> **PROMPT**: Exclude the pictures and reproduce the remaining data exactly as written.

─── COLLECTED DATA

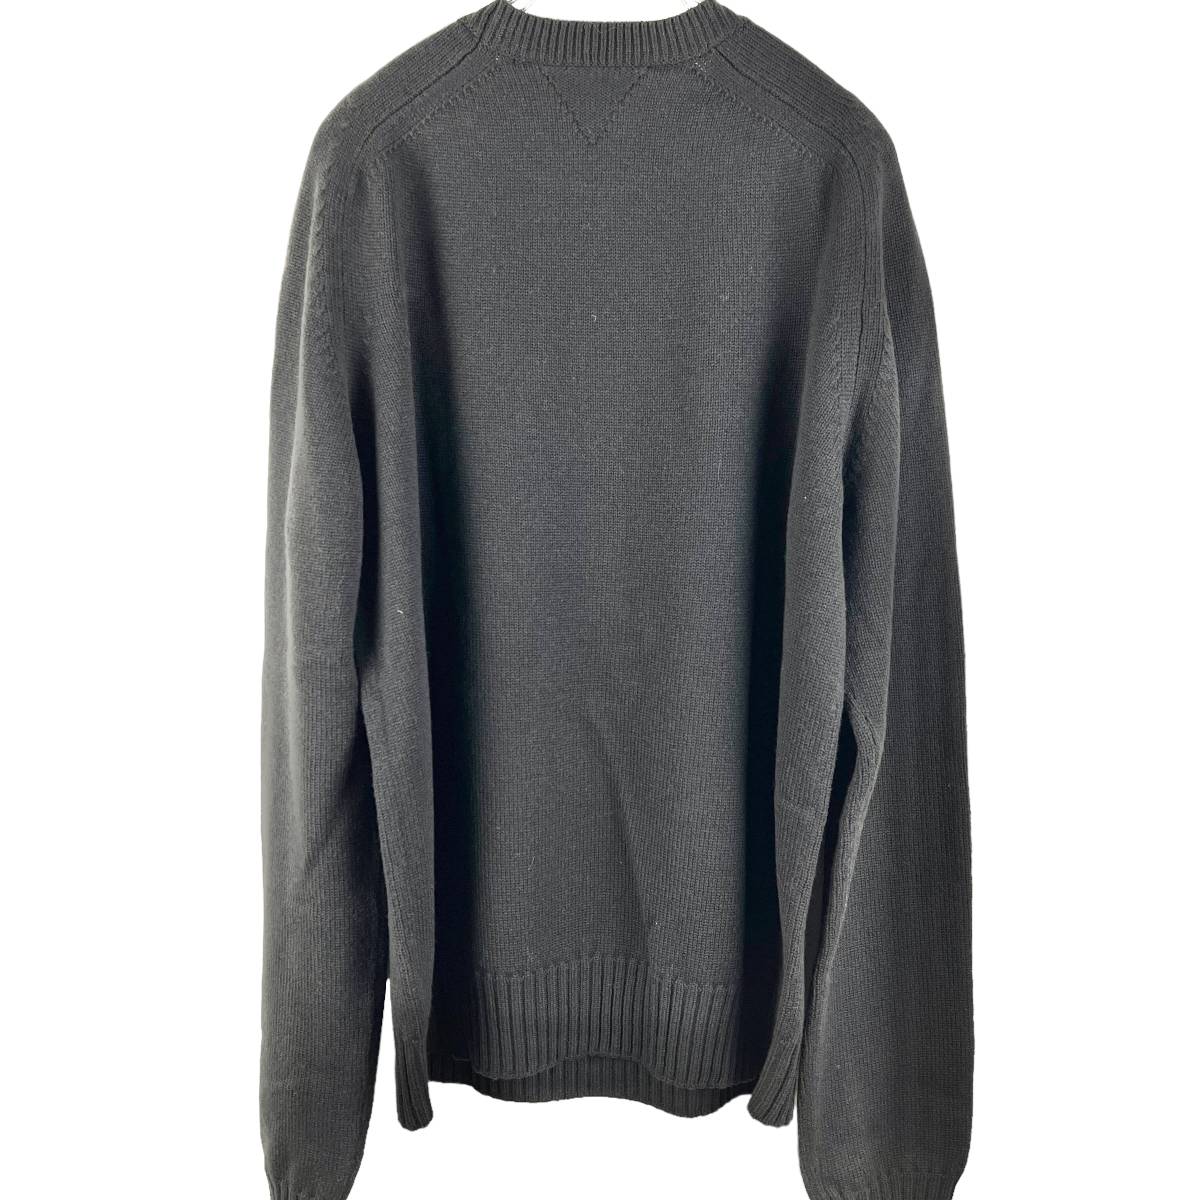 Bottega Veneta(ボッテガ ヴェネタ) Wool Pull Sweater Knit 2020AW (brown)_画像6
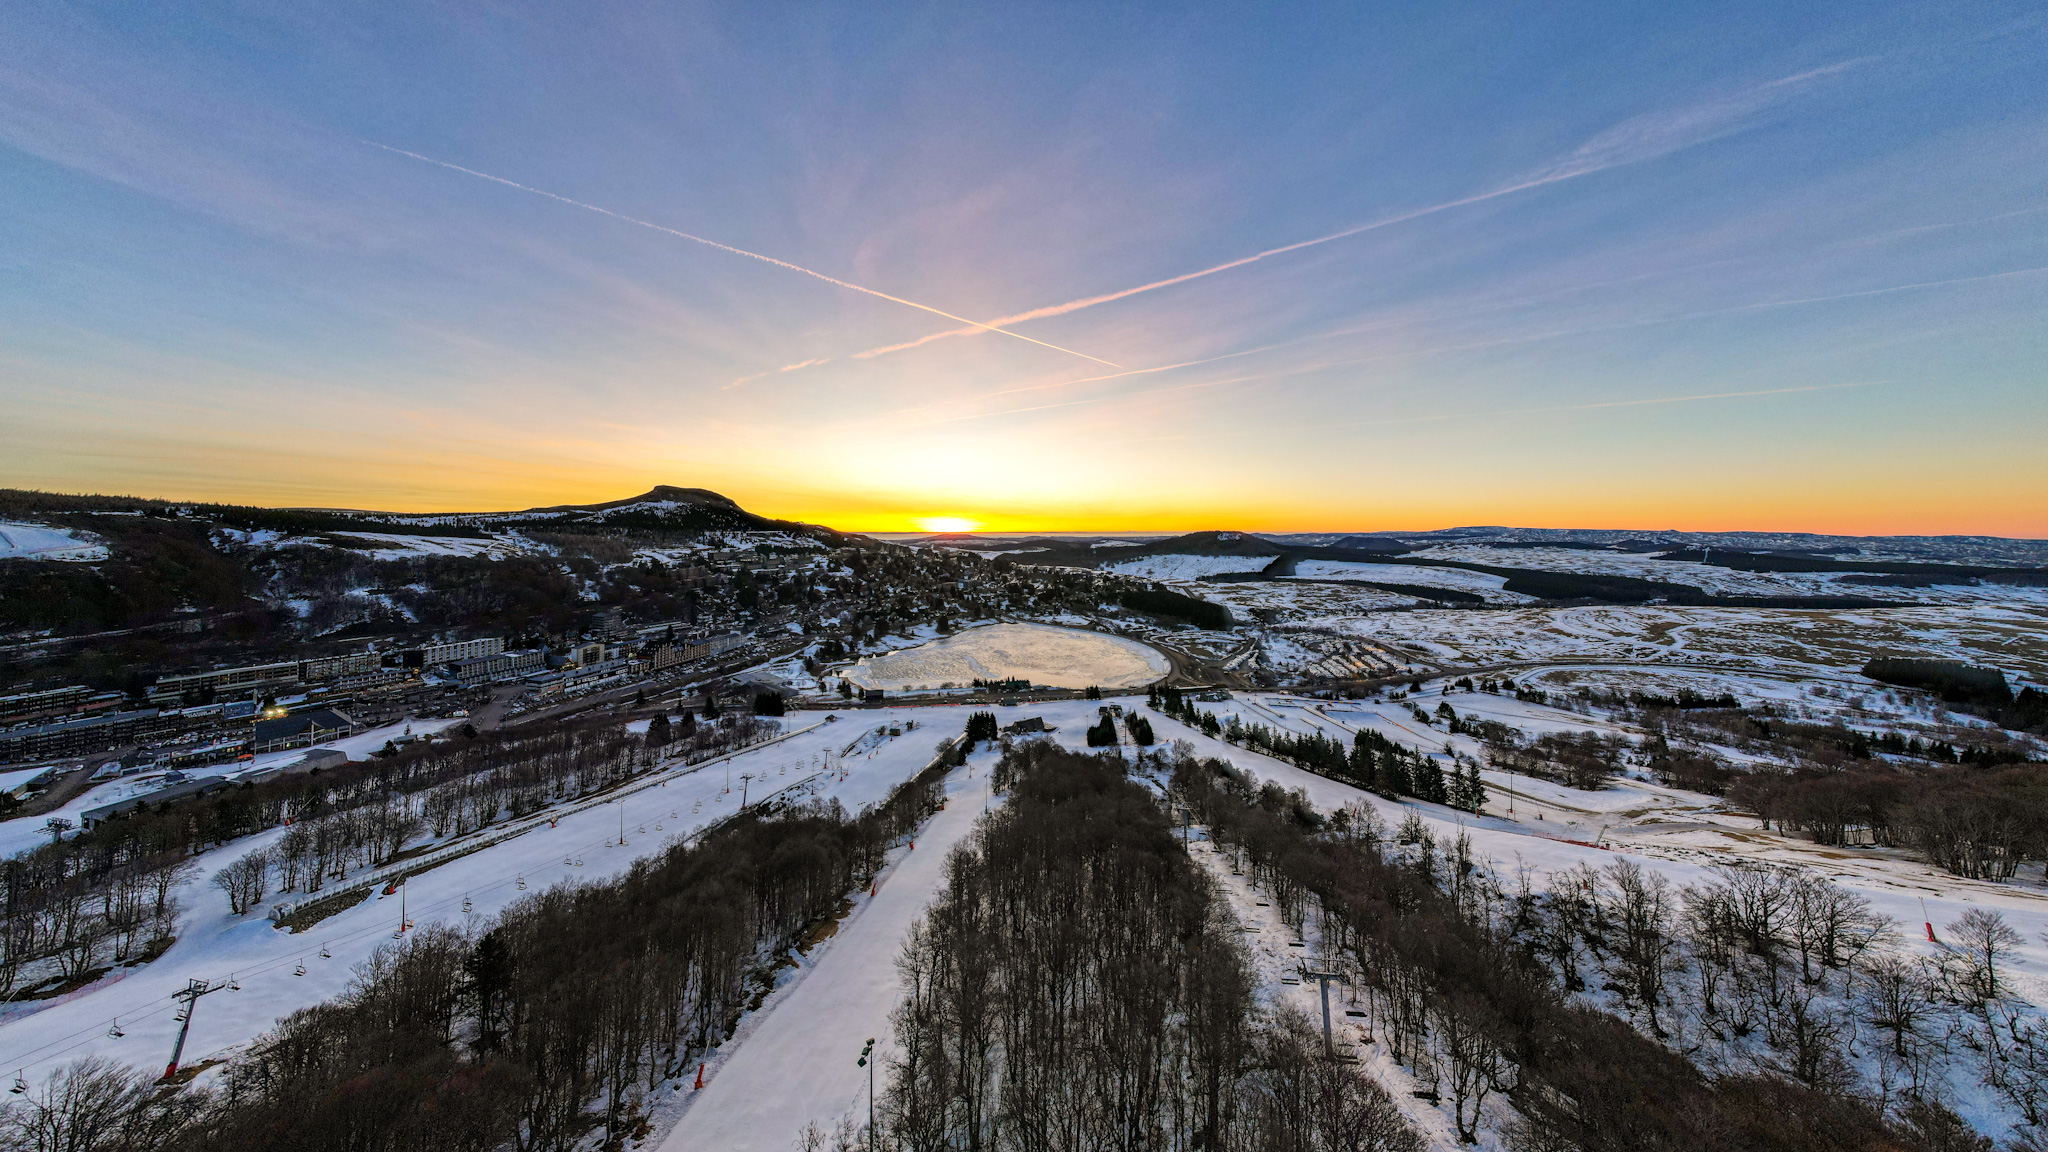 Sunrise over the Super Besse winter sports resort
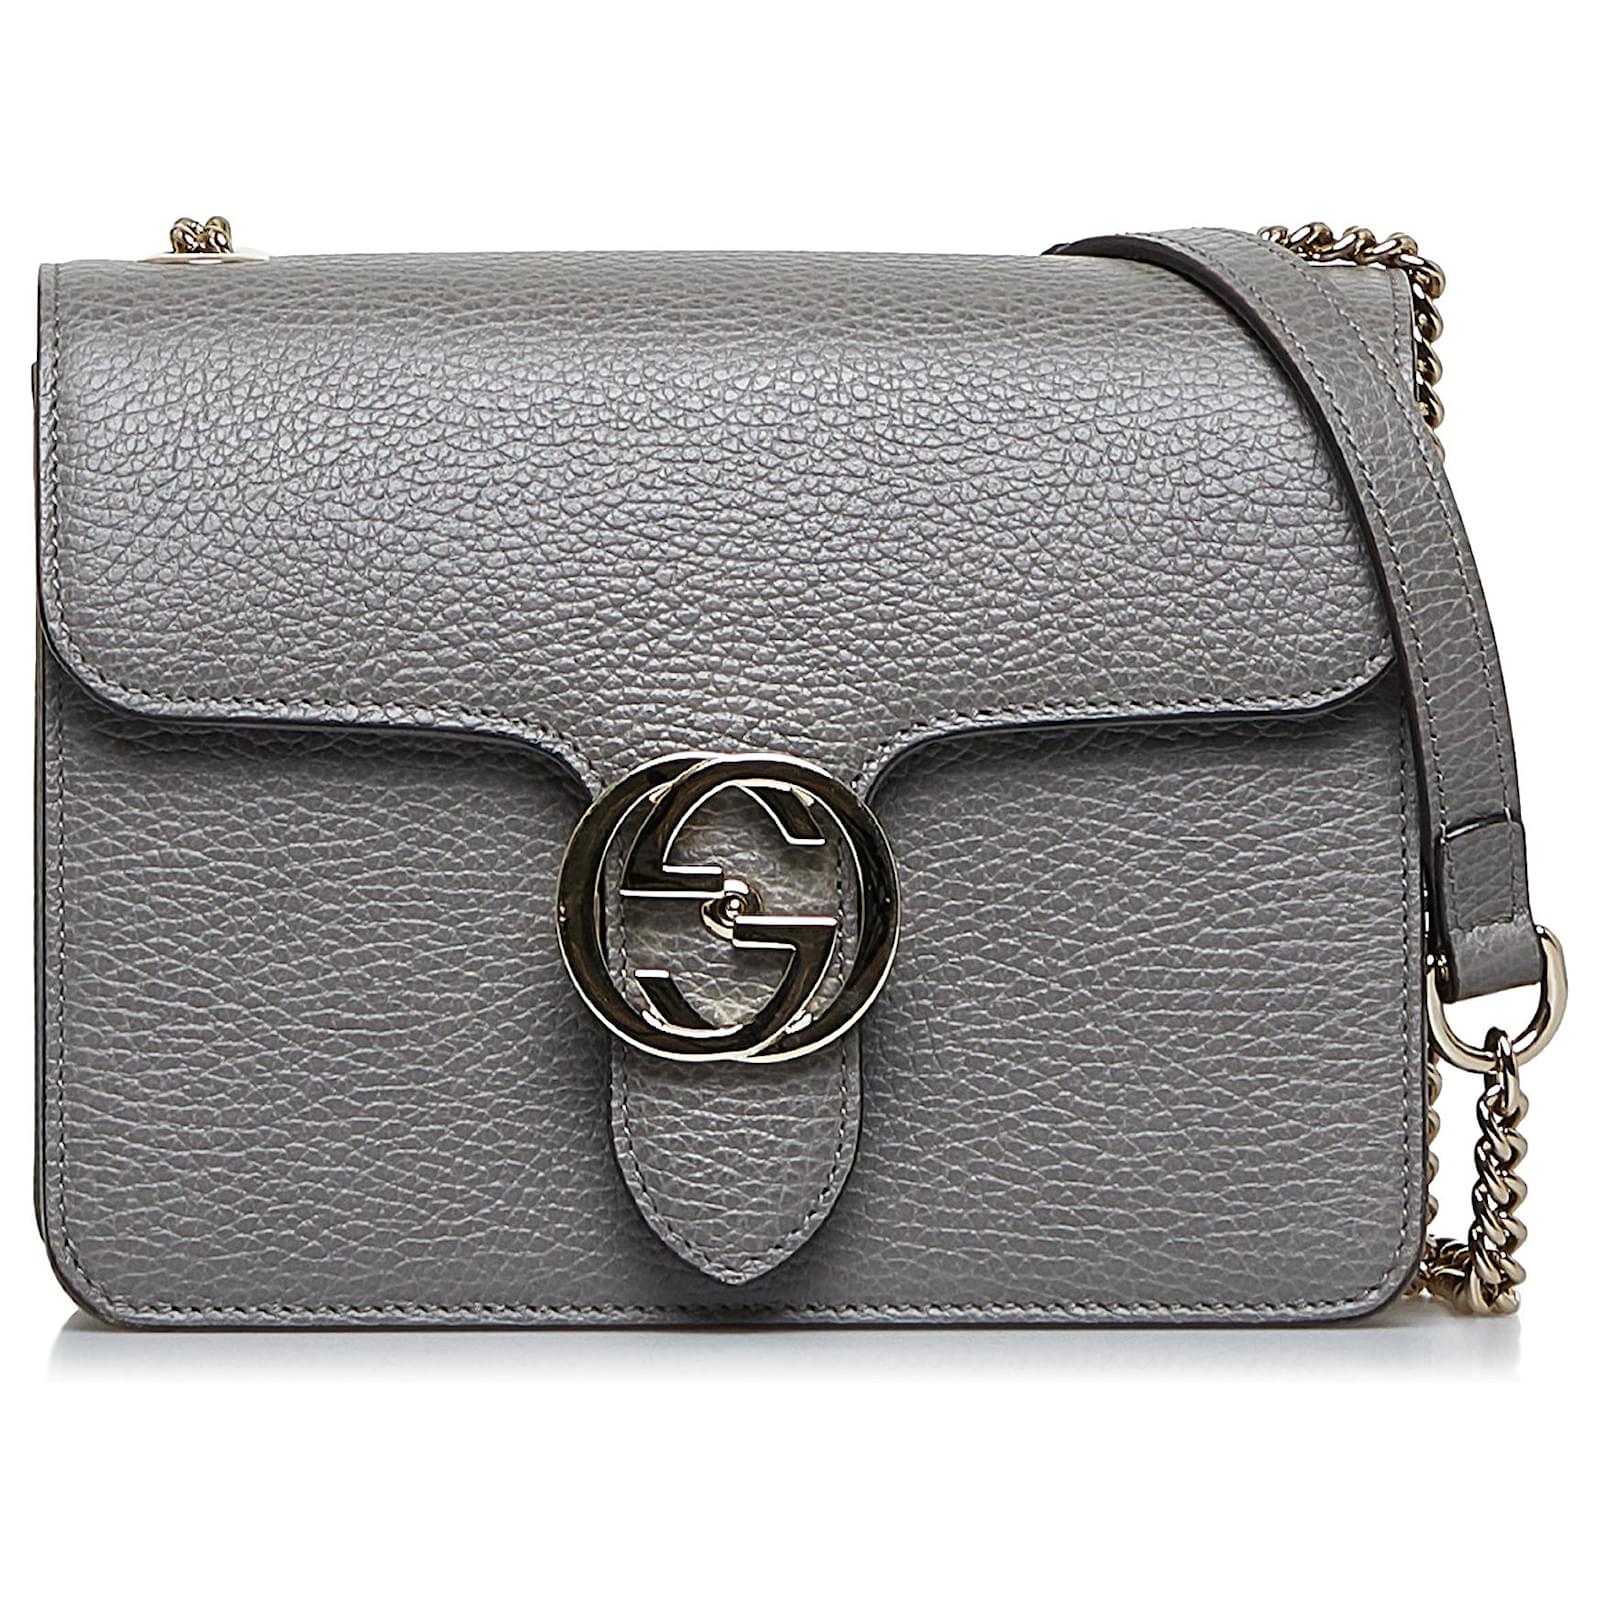 Gucci, Bags, New Gucci Interlocking Bag

──────

> **ANSWER BOX**:
 Bottega Veneta(ボッテガ ヴェネタ) Wool Pull Sweater Knit 2020AW (brown)_画像6
 Sunrise over the Super Besse winter sports resort
 Gucci, Bags, New Gucci Interlocking Bag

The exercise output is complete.